Data provided below:
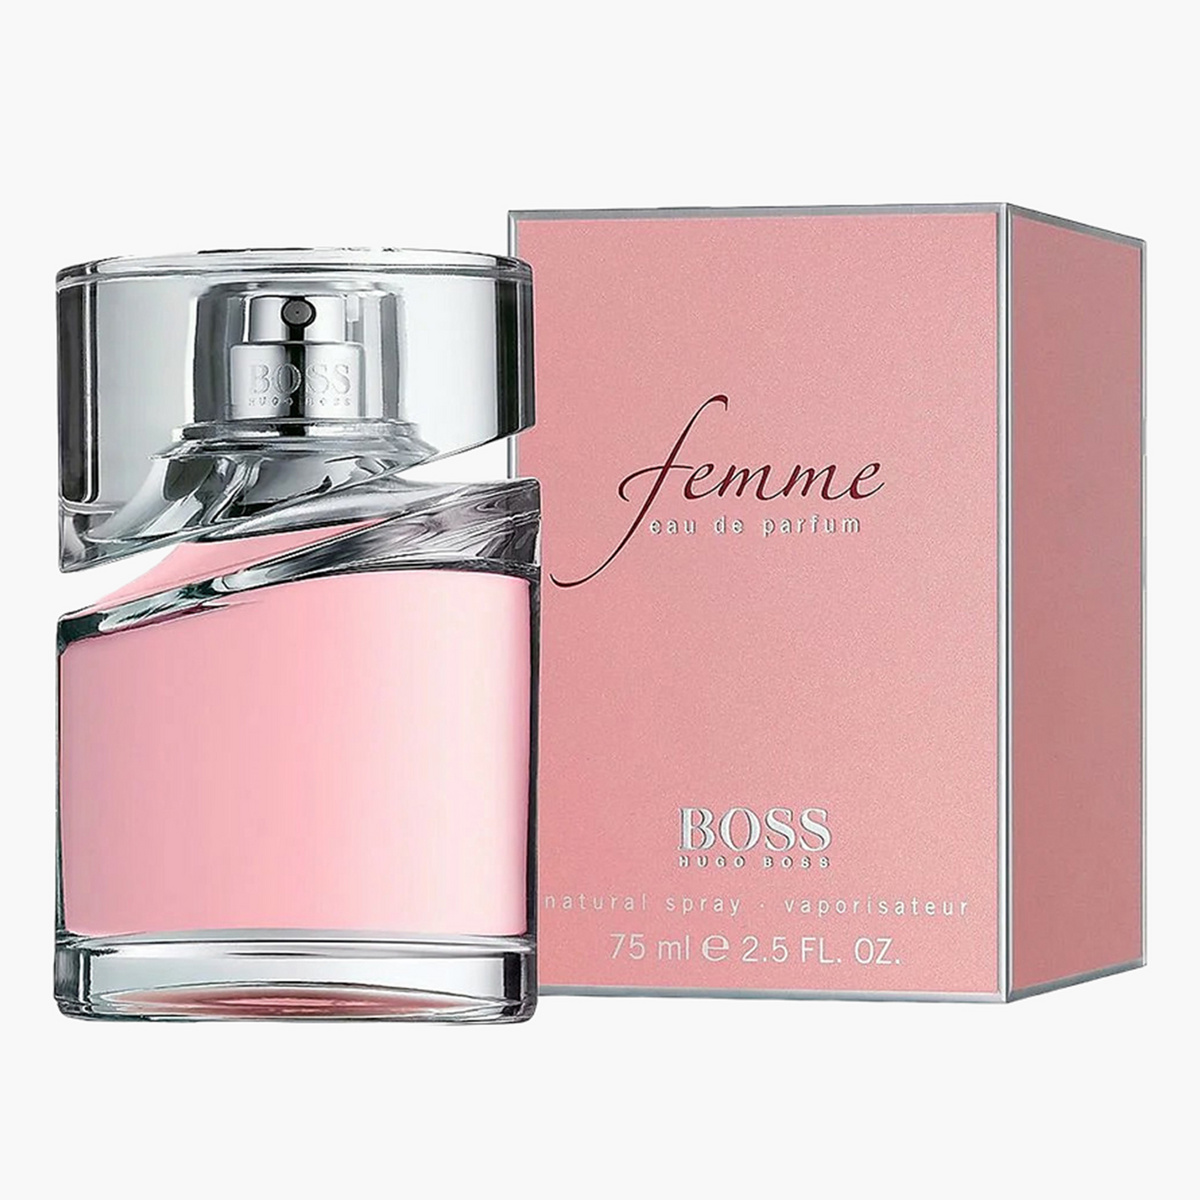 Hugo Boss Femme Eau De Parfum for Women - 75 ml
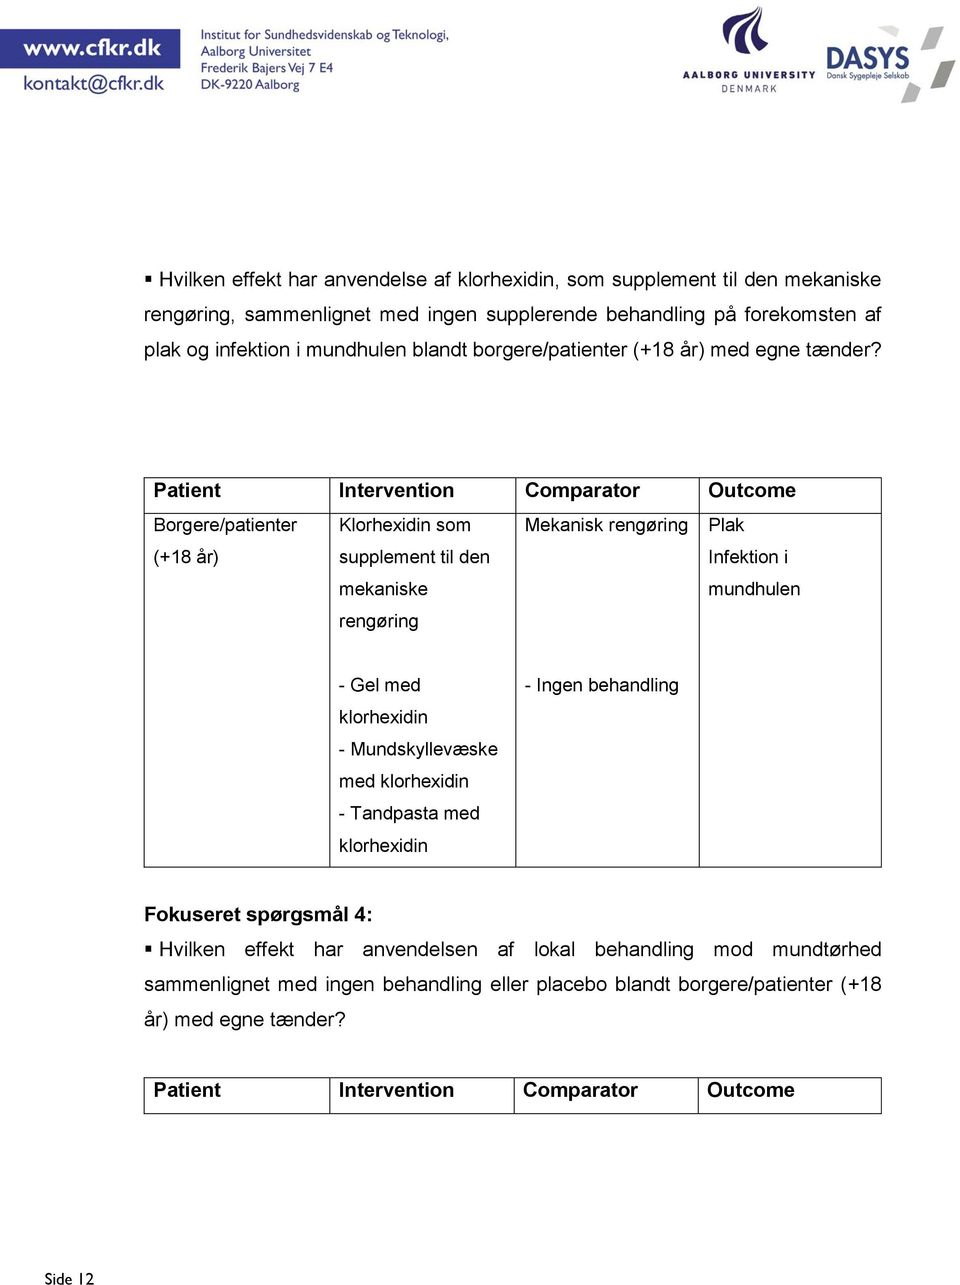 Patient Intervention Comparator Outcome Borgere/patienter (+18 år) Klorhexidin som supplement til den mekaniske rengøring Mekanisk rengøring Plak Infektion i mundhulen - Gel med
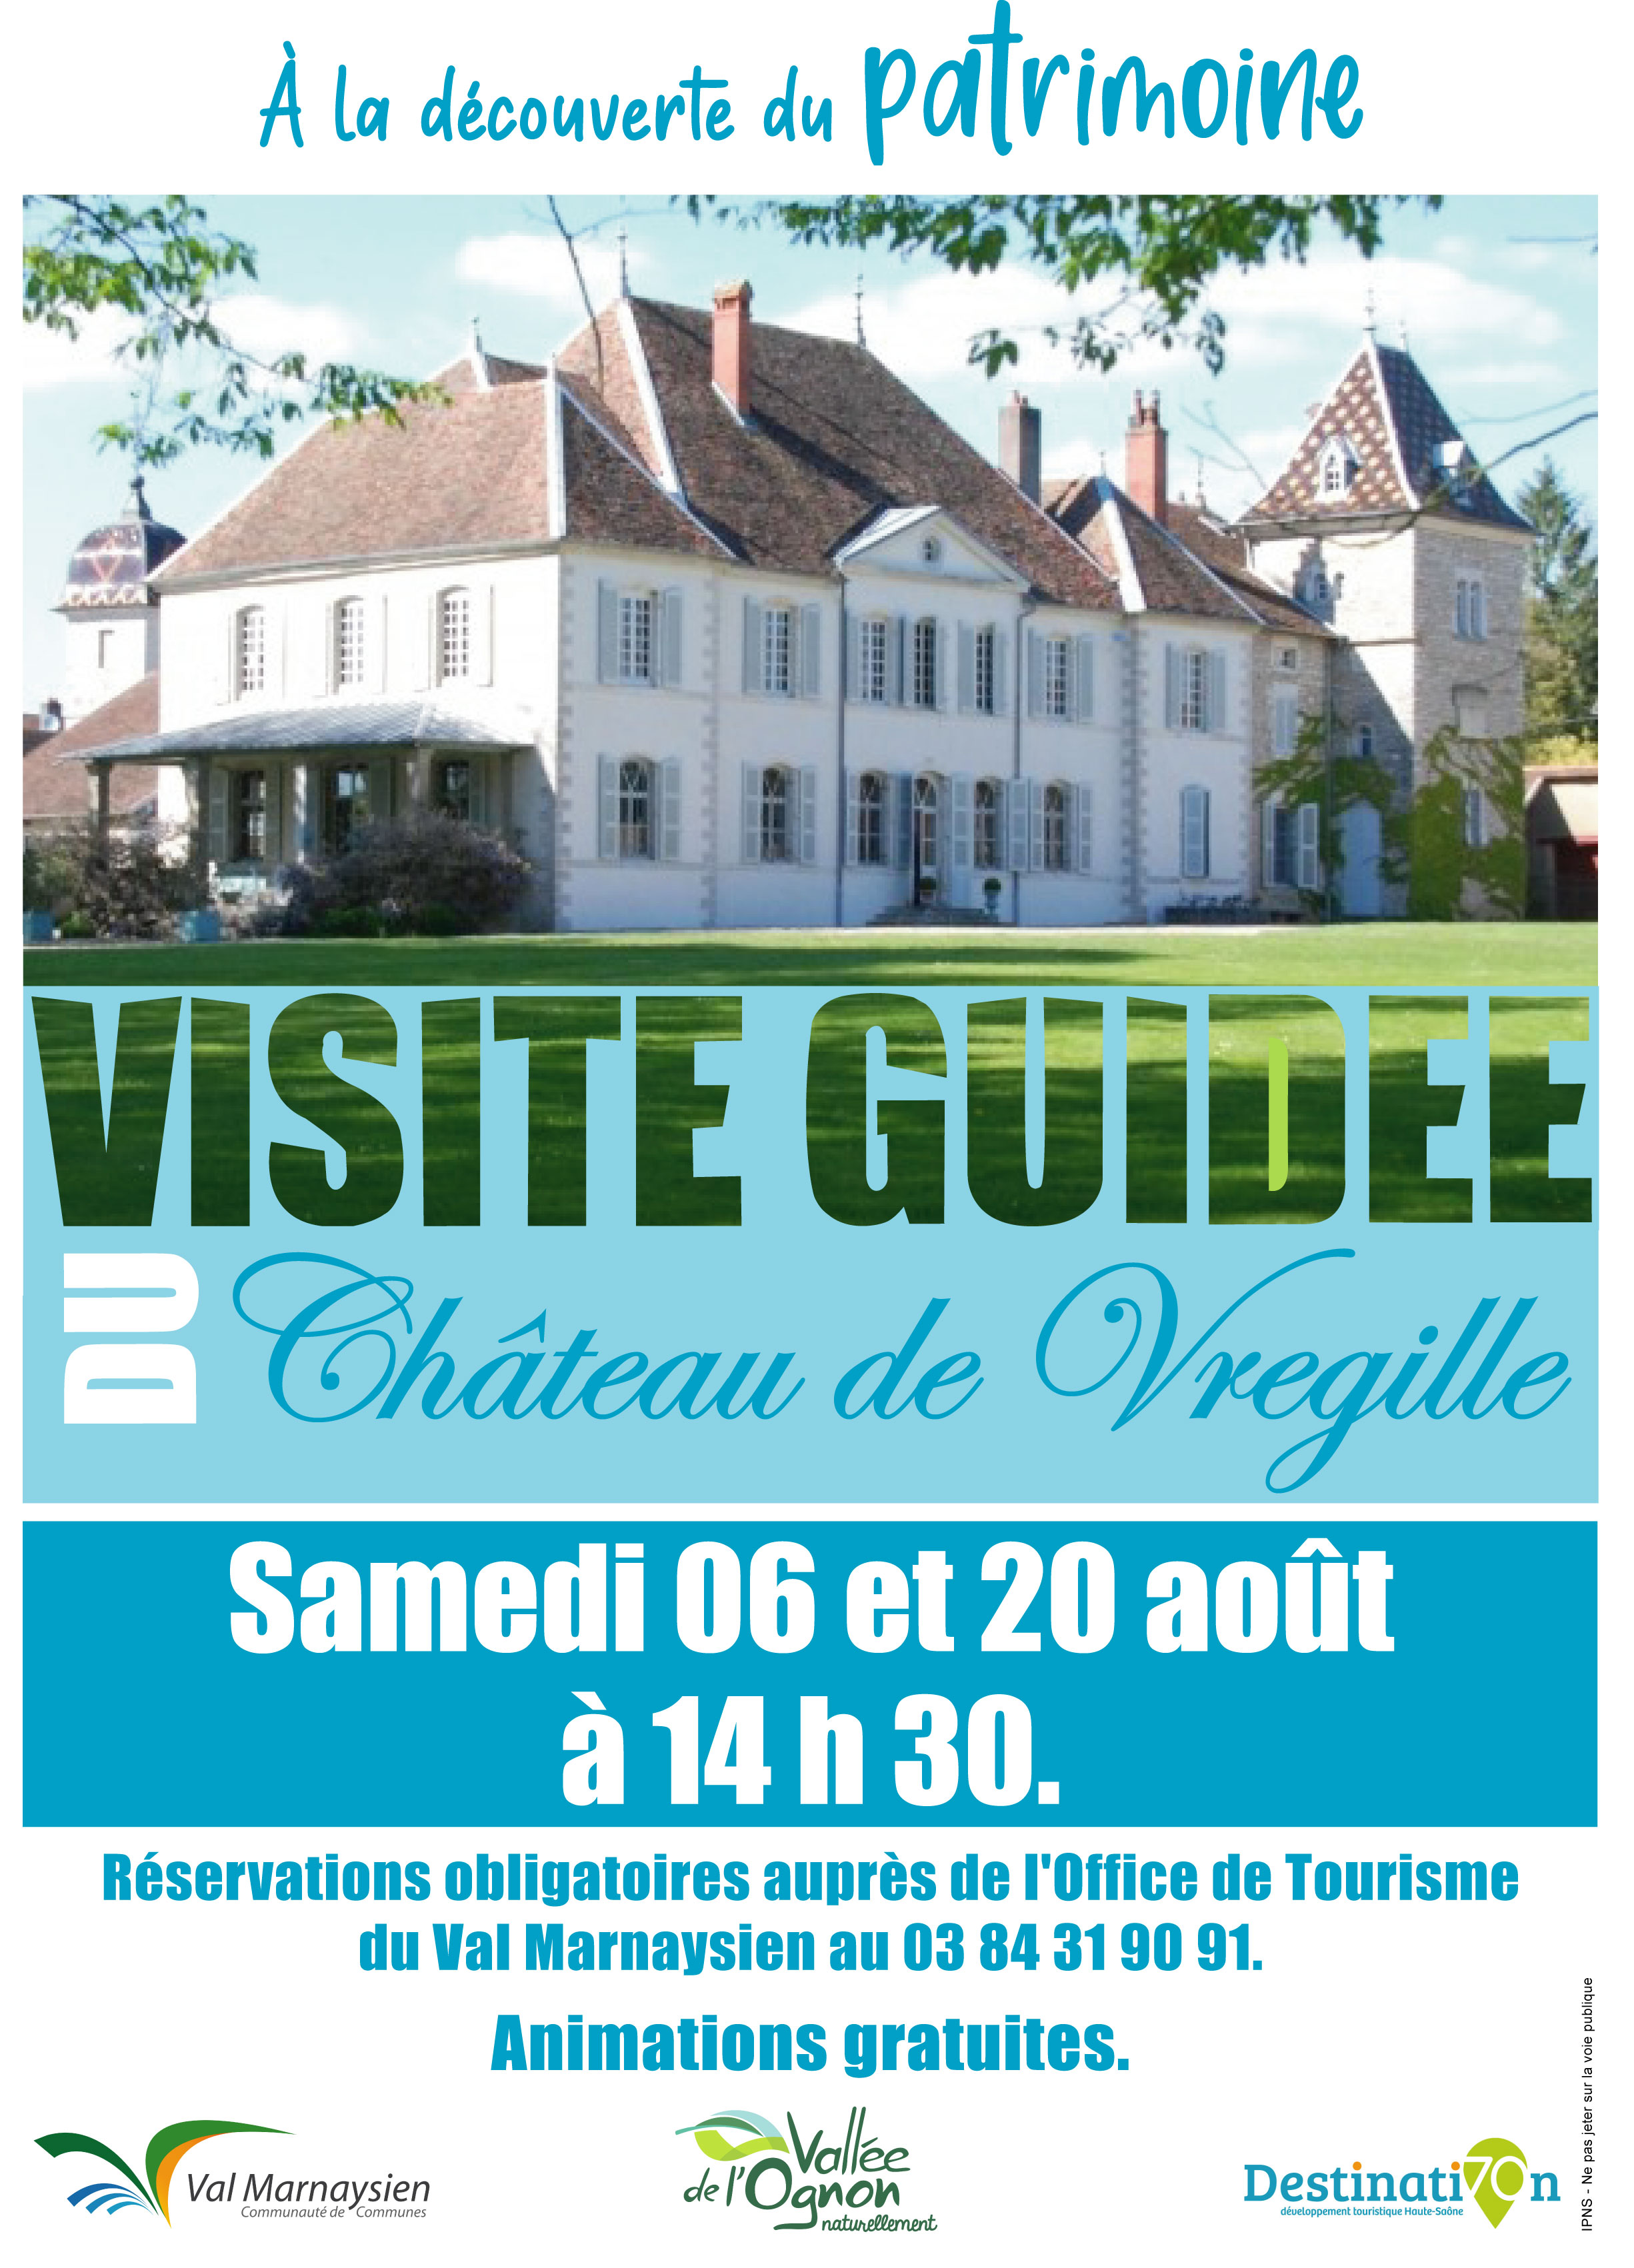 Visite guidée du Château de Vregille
End of Data provided.
- Your goal:
Retype, word for word, the line containing "Patient Intervention Comparator" and each line after it through the end of the data, leaving any picture out.

- Reply:
 Patient Intervention Comparator Outcome Borgere/patienter (+18 år) Klorhexidin som supplement til den mekaniske rengøring Mekanisk rengøring Plak Infektion i mundhulen - Gel med
 Visite guidée du Château de Vregille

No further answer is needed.